Вместо нее в кресле аккуратно
расположилось что-то тонкое, шелковое, полупрозрачное, что вовсе не
походило на ее нижнюю рубашку из дешевого ситчика, в которой она за
неимением ночной сорочки спала. Такого она в жизни не
видела. Такого, она уверена, даже у Теаны не было!

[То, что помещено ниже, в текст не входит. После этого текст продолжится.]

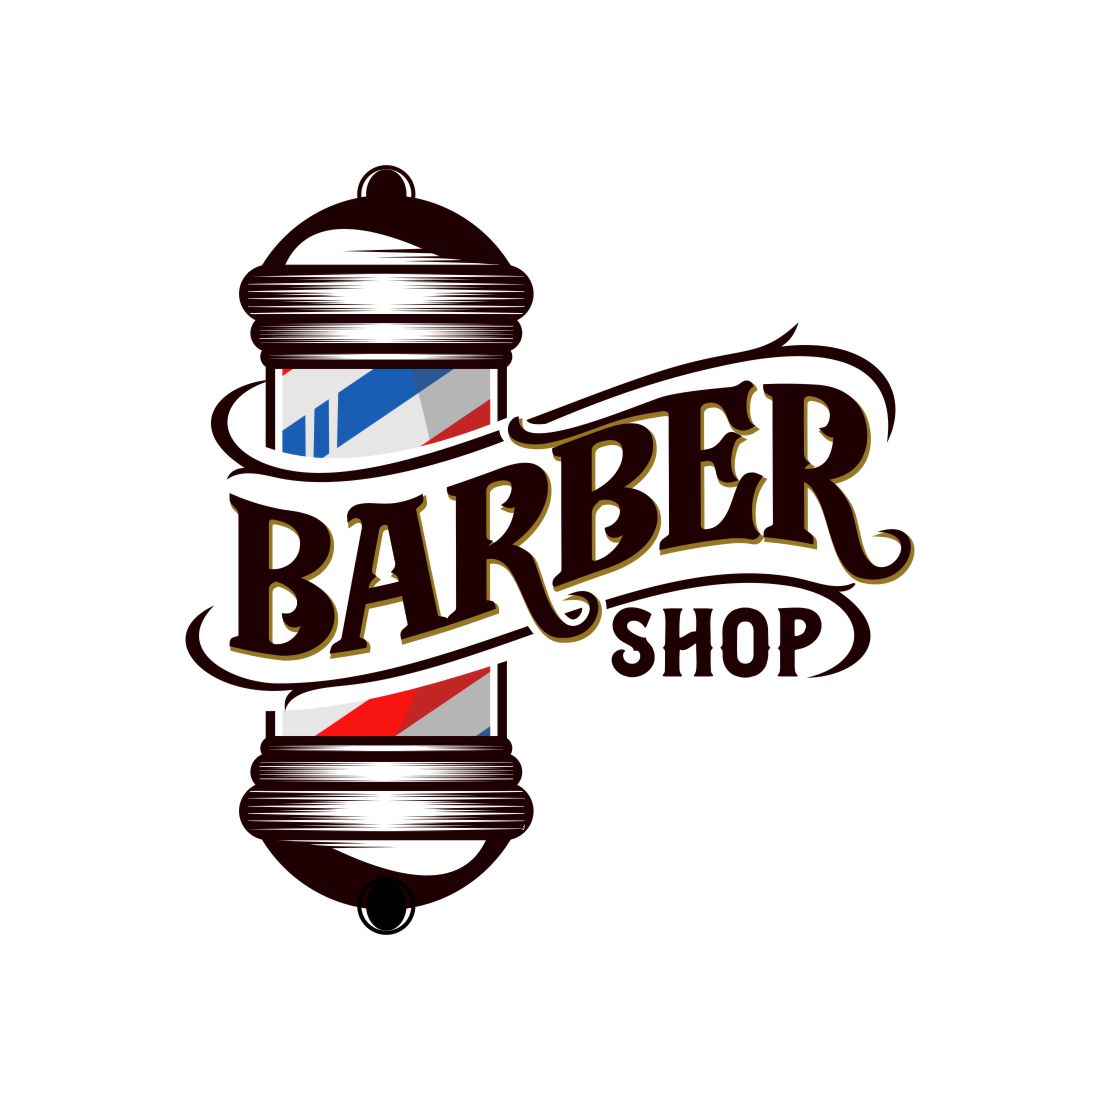 Vintage barber shop Logo, haircut salon retro design, Old hairdresser badge with barber pole, scissors, razor blade vector cover image.

Опасливо оглянувшись на дверь, Наора
встала, сделав несколько шагов по теплому мягкому ковру пола,
подошла к креслу, осторожно взяла пеньюар и, развернув, стала
смотреть сквозь него. Она даже не сразу осмелилась прикинуть его на
себя ― это было тем более глупо, что пеньюар был приготовлен именно
для нее, для кого же еще?!
А прикинув и взглянув на себя в
зеркало, девушка испытала еще более странную неловкость: пеньюар и
ее нижняя рубашка не то чтобы не сочетались одно с другим ― они
просто конфликтовали, враждовали друг с другом, будто сделаны были
в разных мирах, и эти миры отталкивали, отторгали друг
друга.
Небеса! Куда же она попала?
Не успела Наора подумать об этом, как
в дверь негромко постучали, и ей ничего не оставалось, как
броситься обратно в постель.
Стук повторился, и когда Наора
неуверенно произнесла: «Да, да, войдите!», дверь открылась, и в
комнату вошел тот самый человек, в котором она сначала заподозрила
призрака театра, потом приняла за коварного искусителя, и наконец
увидела в нем таинственного покровителя. Впрочем, сейчас он
выступал явно в каком-то другом амплуа.
Он по-прежнему был в сером небогатом
платье и в руках у него был столик для завтрака в постели, но на
лакея он от этого похож не стал ― столик с ароматно дымящимися
судочками в его руках казался неуместным. И, наконец-то, Наора
имела возможность его рассмотреть.
Был он не то чтобы высок, но за счет
худощавости ― не нездоровой худобы, а именно худощавости: жилистой,
гибкой, какой-то даже благородной, ― казался несколько выше
среднего роста; лицо имел тоже обыкновенное для худых людей:
вытянутое, узкое с прямым длинным носом, глубоко посаженными
глазами и большим ртом ― то есть скорее некрасивое, чем наоборот,
но несмотря на это одновременно и неприметное, и внушающее симпатию
даже при первом не него взгляде.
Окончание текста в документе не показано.